Com esse entendimento, a 5ª Turma do Superior Tribunal de Justiça negou provimento ao recurso especial do Ministério Público de Santa Catarina e manteve a absolvição de um homem por, aos 20 anos, relacionar-se com uma menina de 13.

A votação foi por maioria de votos, conforme a posição do relator, ministro Joel Ilan Paciornik. Ele confirmou a absolvição, conforme decidiu o Tribunal de Justiça de Santa Catarina na apelação. Ficou vencida a ministra Daniela Teixeira.
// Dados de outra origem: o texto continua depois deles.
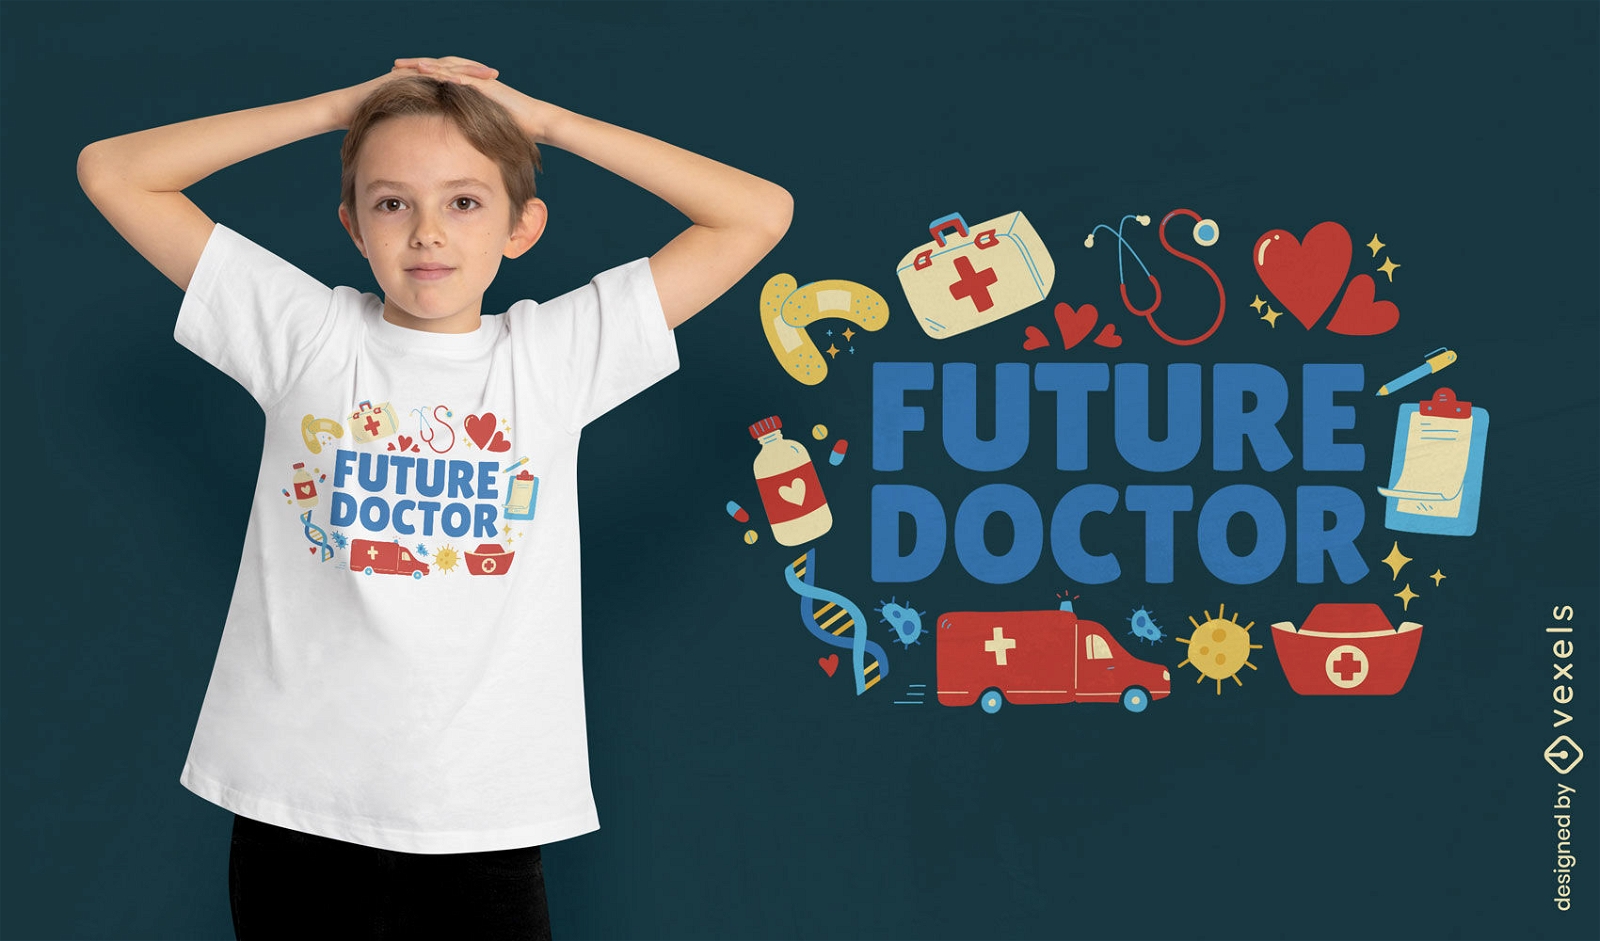 Zukünftiger Arzt mit T-Shirt-Design für medizinische Elemente
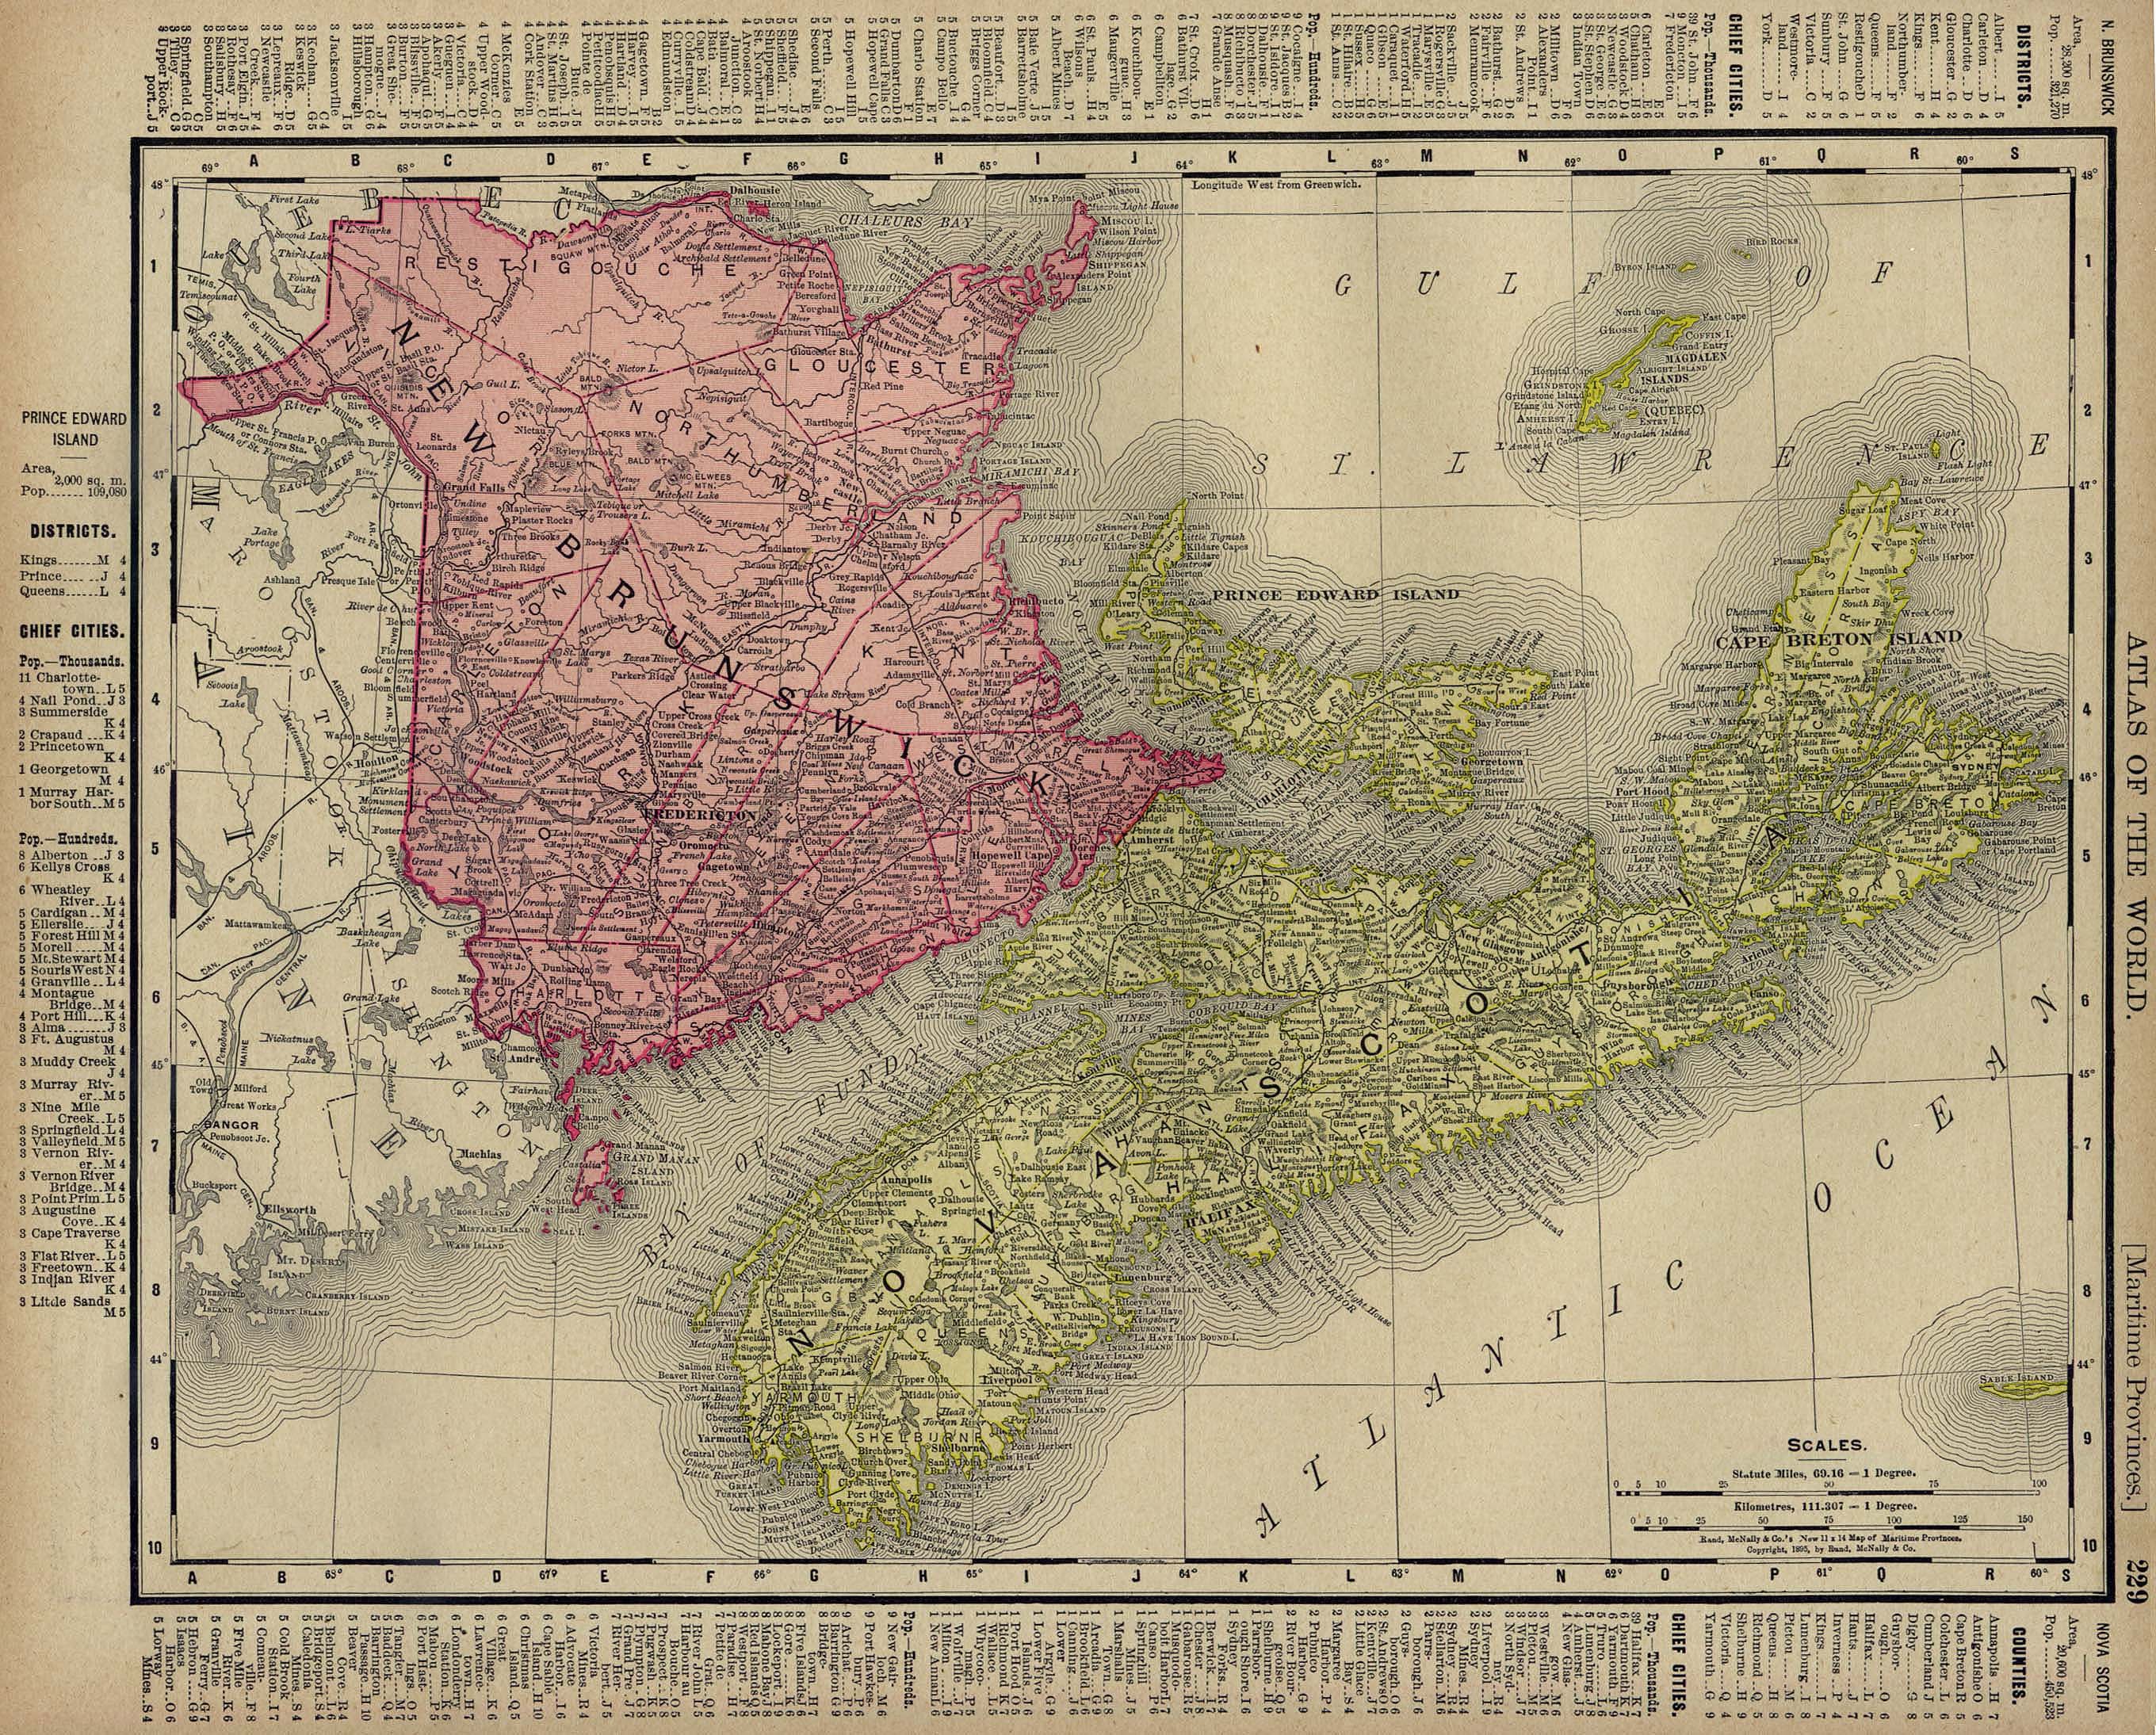 Mapa de Nueva Escocia, Nuevo Brunswick, Isla del Príncipe Eduardo, Canadá 1895

O tema é sensível porque, de acordo o artigo 217-A do Código Penal, conjunção carnal com menor de 14 é presumivelmente crime. E, conforme o próprio STJ, o consentimento da vítima ou sua experiência sexual anterior não afasta a tipificação da conduta.

Ainda assim, de maneira excepcionalíssima, tem livrado acusados em hipóteses específicas, em que não existe proveito social na condenação do réu — distinção tão rara que, na 5ª Turma, representa menos de 2% dos casos de estupro de vulnerável julgados.

·        Protetiva não bastou

No caso dos autos, o relacionamento entre réu, à época com 20 anos, e vítima, de 13, foi descoberto quando ela foi a uma farmácia comprar teste de gravidez. O Conselho Tutelar foi notificado, fez boletim de ocorrência e obteve medida protetiva.

Essa medida não foi respeitada pelo casal, que continuou se encontrando com a aprovação da família da vítima. Já durante a instrução probatória, a mãe noticiou que a filha estava grávida. E, no momento da sentença, os dois mantinham relacionamento, embora sem morar juntos.

Esse contexto levou à absolvição na sentença, o que foi confirmado pelo TJ-SC. A corte estadual entendeu que não houve efetiva lesão ao bem jurídico tutelado pelo tipo penal.

A vítima não se encontrava em situação de vulnerabilidade, tampouco teve sua dignidade sexual violada, já que tinha discernimento acerca dos atos sexuais praticados e seu consentimento.

Segundo Paciornik, esse entendimento encontra amparo na jurisprudência do STJ, que, analisando casos concretos, mantém a absolvição diante das peculiaridades que envolvem o interesse da vítima e do filho.

“Apesar da ausência de convívio entre agravado e vítima sob o mesmo teto ao tempo da instrução criminal, é inegável que persistiu o relacionamento com registro da gravidez, a possibilitar a distinção feita pelas instâncias ordinárias”, concluiu.